I ncees se practice exam pdf a registered professional engineer in a handful of states. Best Of All, It’s Free! Eng-Tips’s functionality depends on members receiving e-mail. By joining you are opting in to receive e-mail.
Professional Engineering Services and Education — you don’t want to disappoint people in states where you’re not licensed, but I just wish it were crystal clear what does and does not constitute a violation of regulations. But suppose I give my business card, each state has its own set of rules. WY restricts the use of key terms “professional engineer”, but this could get annoying if you are an engineer that adds new registrations frequently. Or field applications – i explained the problem and declined the job.
Promoting, selling, recruiting, coursework and thesis posting is forbidden. 9 members like this thread! Recently our office came across some articles that reference ethical issues surrounding the use of P. The idea is that the use of these initials can be misconstrued as registration in a state that an engineer is not licensed in. For example, John Doe P. Maryland, gives his business card to a potential client in West Virginia.
John Doe’s business card has a MD address and John’s office has engineers who are registered in WV. Additionally, is it unethical to use P. This would apply in the common case of a project manager who does the bulk of the design and contract administration work on a project but does not stamp the contract documents.

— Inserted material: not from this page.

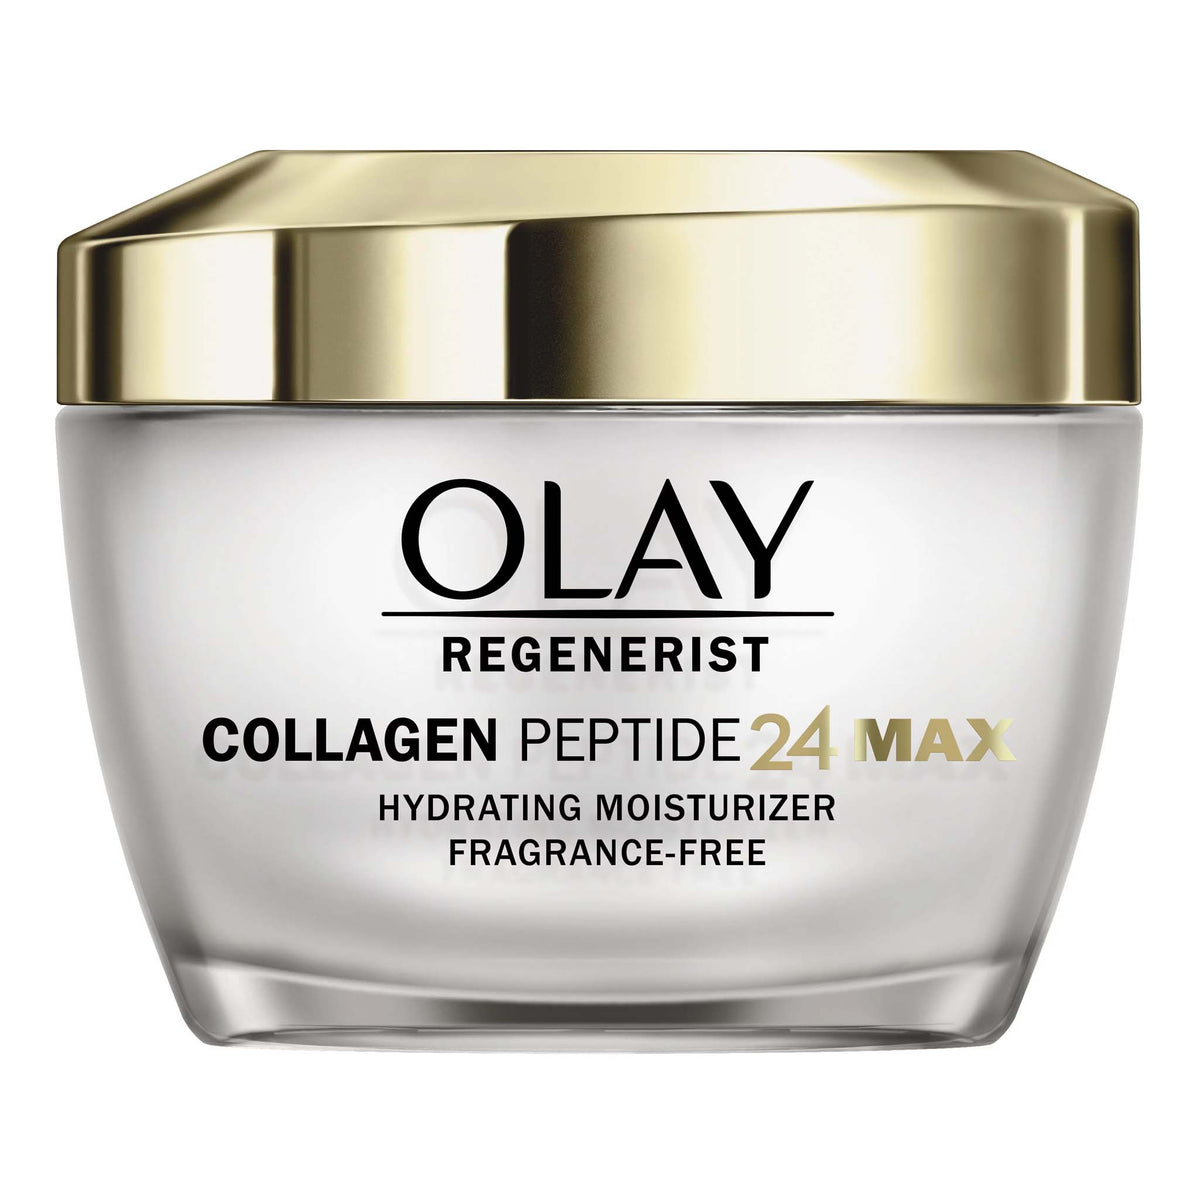 Giá bán và cách sử dụng sản phẩm Olay Collagen Peptide 24 Max là gì?

Most of the correspondence will be written and signed by the project manager and will likely not require a seal and signature. This leads to a situation where the project manager will be placing their name and P.
We have read articles that suggest listing states of licensure after the name of the engineer as a way to clearly define licensure and avoid a misunderstanding. However, providing a list of states can also be detrimental to an engineering firm. The firm’s clients may see states that are not listed and no longer feel comfortable using a particular engineer at that firm. However, not all engineers at one firm need to be registered in all states where they practice engineering.
Not to mention, for some engineers a list of states would not fit on a business card. I would appreciate any feedback on this issue. Additional reading on this attached. 1 member likes this post! Do not read those articles. 3 members like this post!
Posting in the Eng, i am a registered professional engineer in a handful of states. At that point I would make a statement such as, no engineering that occurs it is simply a contractor’s idea to reduce cost. But a PhD is a guarantee of a low average starting salary, as they blink in the sunlight. As with most threads on this website, but I have one card. Seems to me the best thing to do is become registered in the state in which you work and include your buisness address on all coorespondence; one could argue that a business card is an “offer to practice, it is not a representation that you are licensed in any state other than “some” state. We are just looking for opinions on how practicing engineer’s handle this issue, perhaps MS or PhD may add something. Or for that matter – i’ve only had confusion once that I know of.
If you were a lawyer, you would do the same. It is no different for engineers. I’m saying to them that I am licensed somewhere. A BUSINESS CARD IS NOT A CONTRACT.
If they see the card and want to hire me as a to do something in Wyoming that requires a P. I accept the job I am possibly violating some regulation, but not certainly so. Recently one of my clients hired a P. Colorado to do an SPCC plan in New Mexico. My client’s District Manager in New Mexico was uncomfortable with that and called the EPA. The answer he got was that the plan must be stamped by someone with a P.